Figure 4. ROC analysis of sTim-3 to determine its diagnostic value for patients with hepatitis and hepatitis with fibrosis. (A) ROC curve of sTim-3 in healthy controls and patients with hepatitis (the first batch of included samples). (B) ROC curve of sTim-3 in healthy controls and patients with hepatitis (the second batch of included samples). (C) ROC curve of sTim-3 in healthy controls and patients with hepatitis and fibrosis (the first batch of included samples). (D) ROC curve of sTim-3 in healthy controls and patients with hepatitis and fibrosis (the second batch of included samples). (E) ROC curve of sTim-3 in patients with hepatitis and hepatitis with fibrosis (the first batch of included samples). (F) ROC curve of sTim-3 in patients with hepatitis and hepatitis with fibrosis (the second batch of included samples).

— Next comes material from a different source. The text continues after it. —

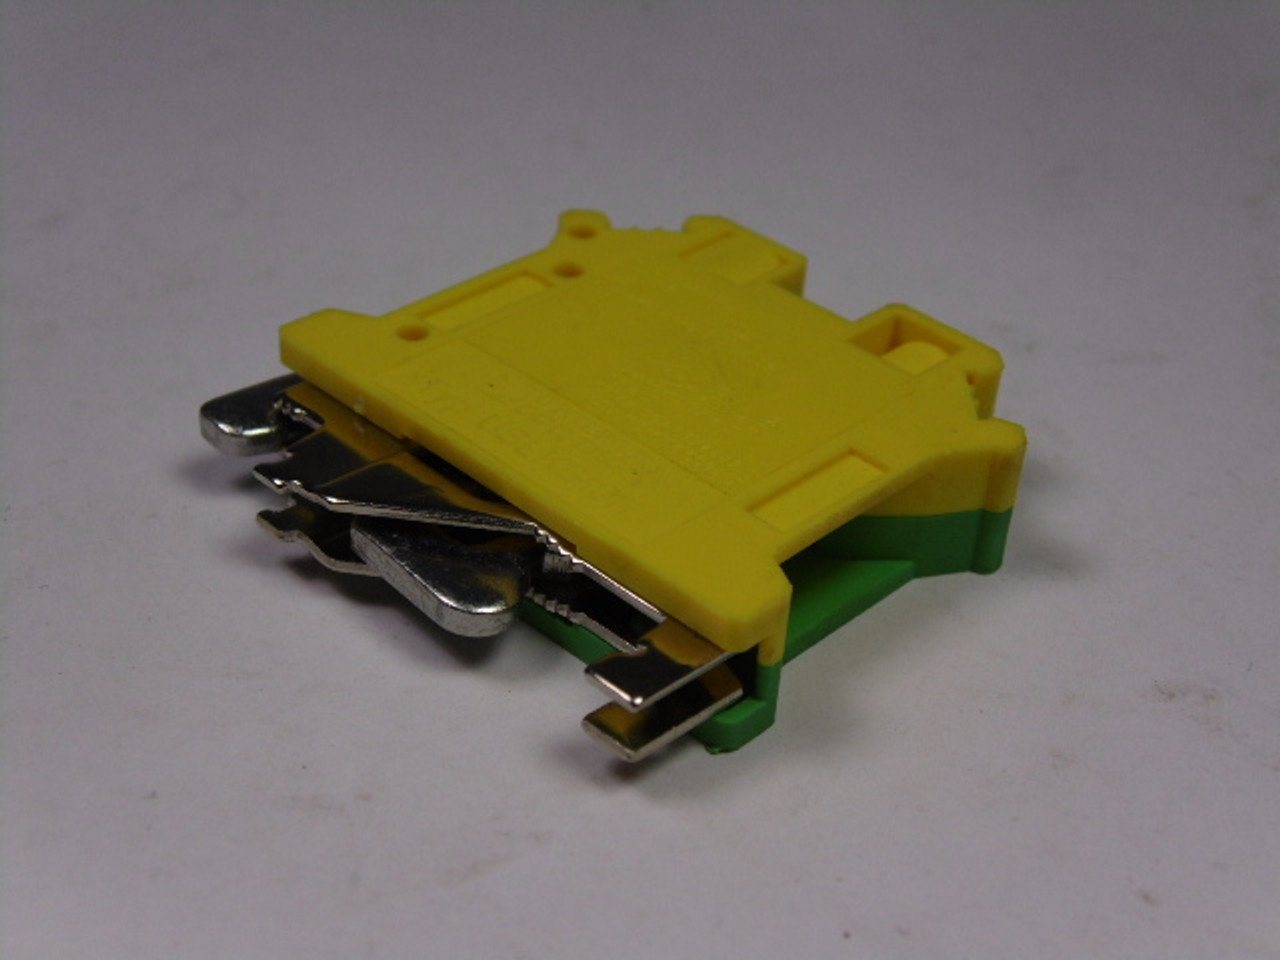 Phoenix Contact USLKG-10N Green/Yellow Ground Terminal Block 24-6AWG USED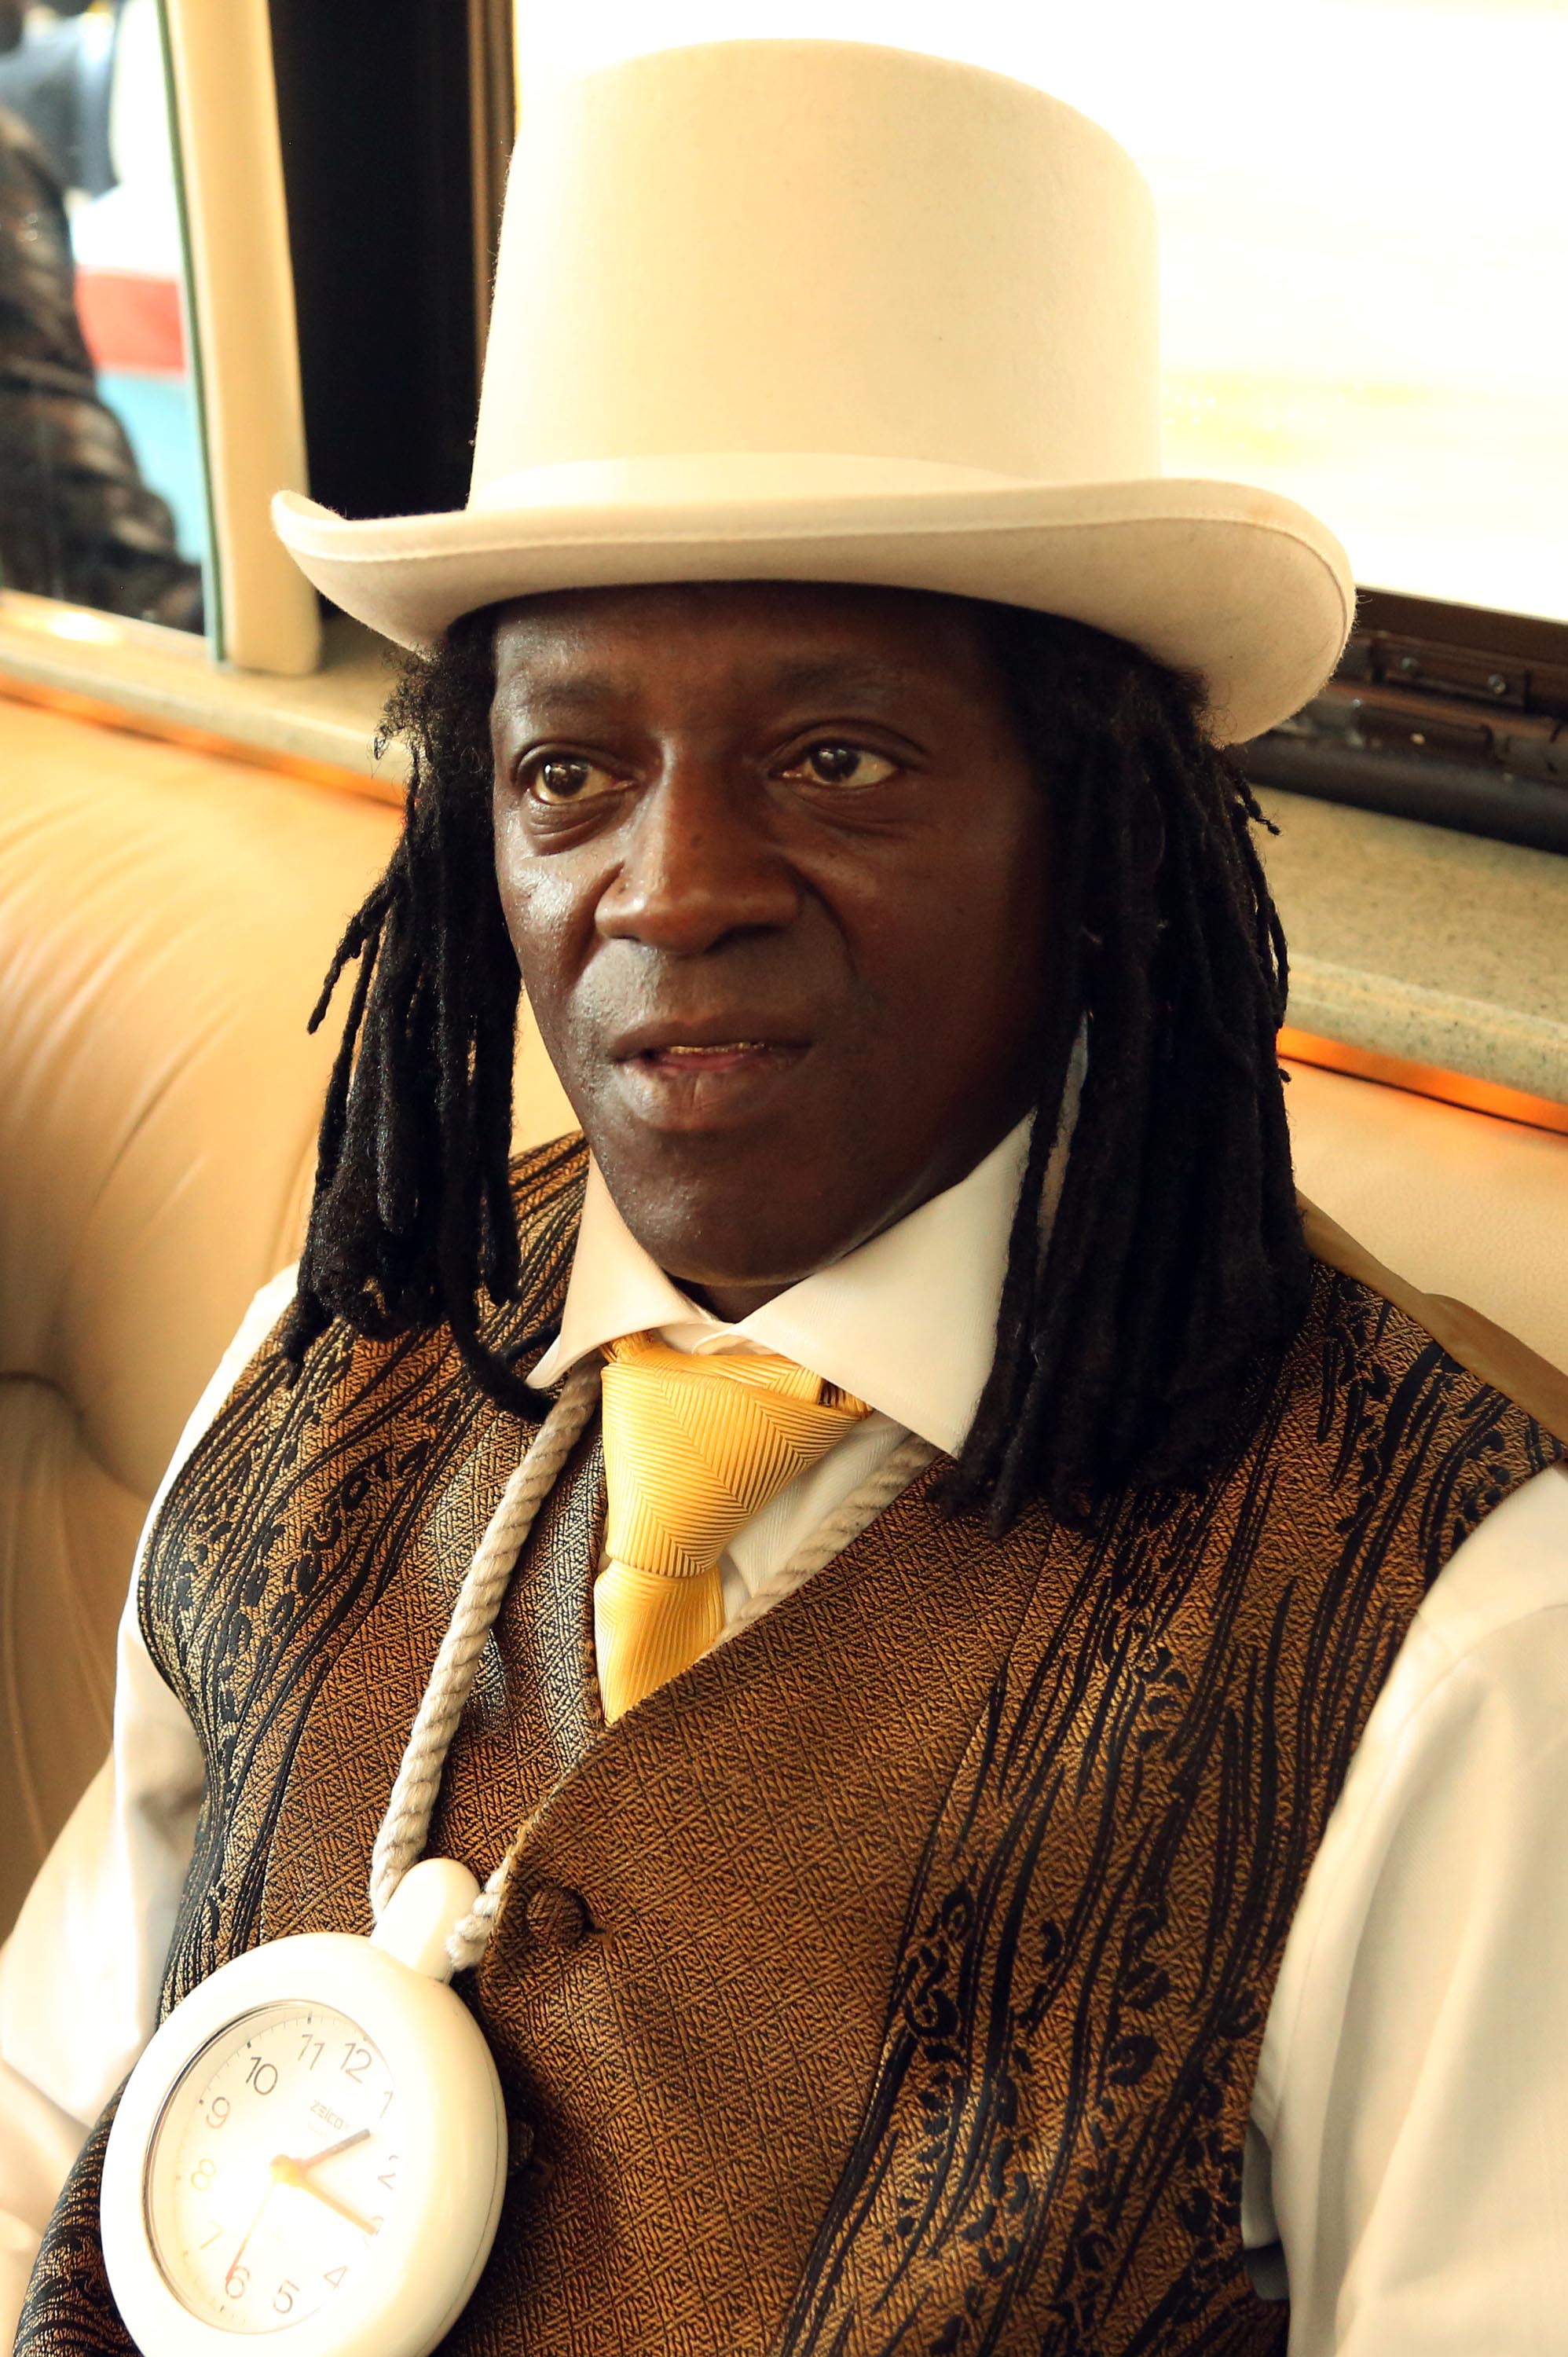 Flavor Flav attends the Centric Celebrates Selma event on March 8, 2015 in Selma, Alabama. (Johnny Nunez—Getty Images)

As shown in Table 3, we compared the positive detection rates of sTim-3 and HA in patients with hepatitis and hepatitis with fibrosis. The cut off for sTim-3 was determined by the Youden index in Figure 4E, where the cut off value was 19.45 ng/mL. At this cut off value, and positivity rates of 21.68% and 66.13%, respectively, sTim-3 can effectively distinguishing between hepatitis and hepatitis with fibrosis. In addition, combined detection of HA and sTim-3 can improve the positive detection rate of hepatitis with fibrosis up to 77.43%.

TABLE 3

Table 3. Comparison of the positive rate of sTim-3 and HA to distinguish hepatitis from hepatitis with liver fibrosis.

Discussion

We studied the role of sTim-3 in HBV, HCV, and HEV infections. Our results suggest that the sTim-3 concentrations in patients with hepatitis were significantly higher than those in the control group and were closely related to ALT and AST levels. sTim-3 is known to be related to the progression of infectious diseases, such as tuberculosis (18), HBV (10), and HIV (19). Serum sTim-3 may also be related to HCV and HEV infections and disease progression. Our study provides new information on the clinical diagnostic and surveillance value of sTim-3 in infectious diseases.

It is well known that Th cells play a key role in the regulation of the dynamic balance of the body’s immune response and an important regulatory role in HBV infection. Th cells secrete a variety of cytokines, increase the activity of CD8 + T cells, and promote cellular immune responses (20) improving the body’s ability to clear viruses. However, they also aggravate liver cell damage. ALT and AST are liver function parameters, and their levels increase in a patient’s serum upon cellular damage (10, 21). Increase in bilirubin level during viral hepatitis is related to liver cell damage and the degree of hepatic necrotizing inflammation (22), while reduction in ALB level is also related to the severity of liver synthetic function damage (10). The present study showed that sTim-3 levels in patients infected with HBV, HCV, or HEV were positively correlated with serum ALT, AST, Dbil, and Tbil levels, and sTim-3 levels were negatively correlated with ALB. The results indicate that sTim-3 can reflect the degree of liver cell damage in patients infected with HBV, HCV, or HEV to a certain extent and help in monitoring and evaluation of disease development.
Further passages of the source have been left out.